* [PROBLEM DESCRIPTION]: The required output is the exact run of lines below that opens at the line with "Lemon lavender cupcakes" and closes at the line with "Biscuits Etoile Cannelle - Ingrédients - fr".
(STORED DATA begins)
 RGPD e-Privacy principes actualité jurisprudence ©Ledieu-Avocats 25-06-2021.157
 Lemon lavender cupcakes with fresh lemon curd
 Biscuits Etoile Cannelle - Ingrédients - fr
(STORED DATA ends)
(STORED DATA begins)
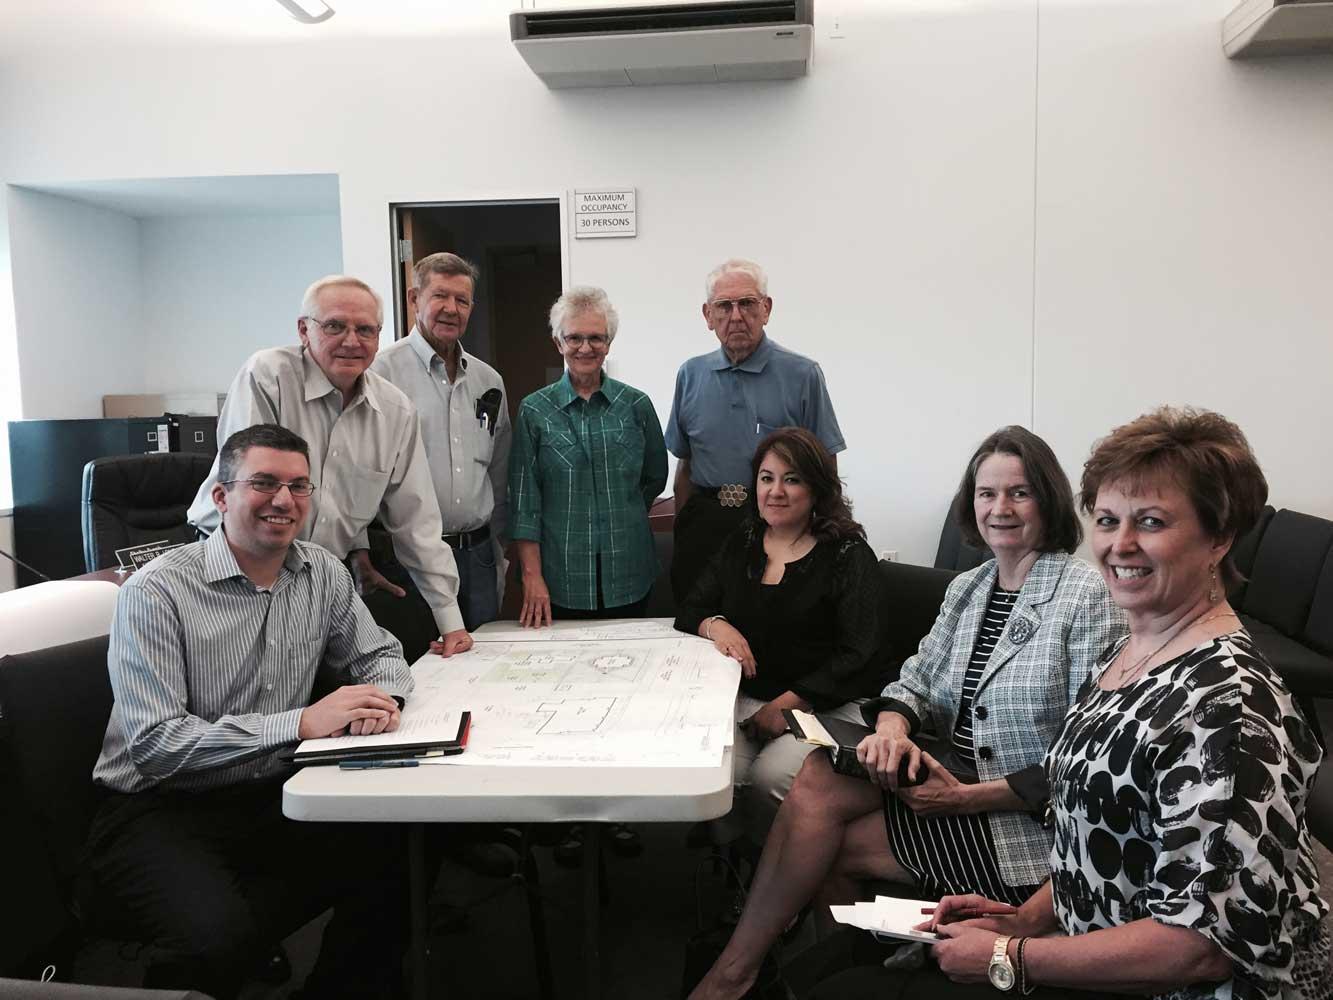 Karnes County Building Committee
(STORED DATA ends)
* [SOLUTION BELOW]:
 Lemon lavender cupcakes with fresh lemon curd
 Biscuits Etoile Cannelle - Ingrédients - fr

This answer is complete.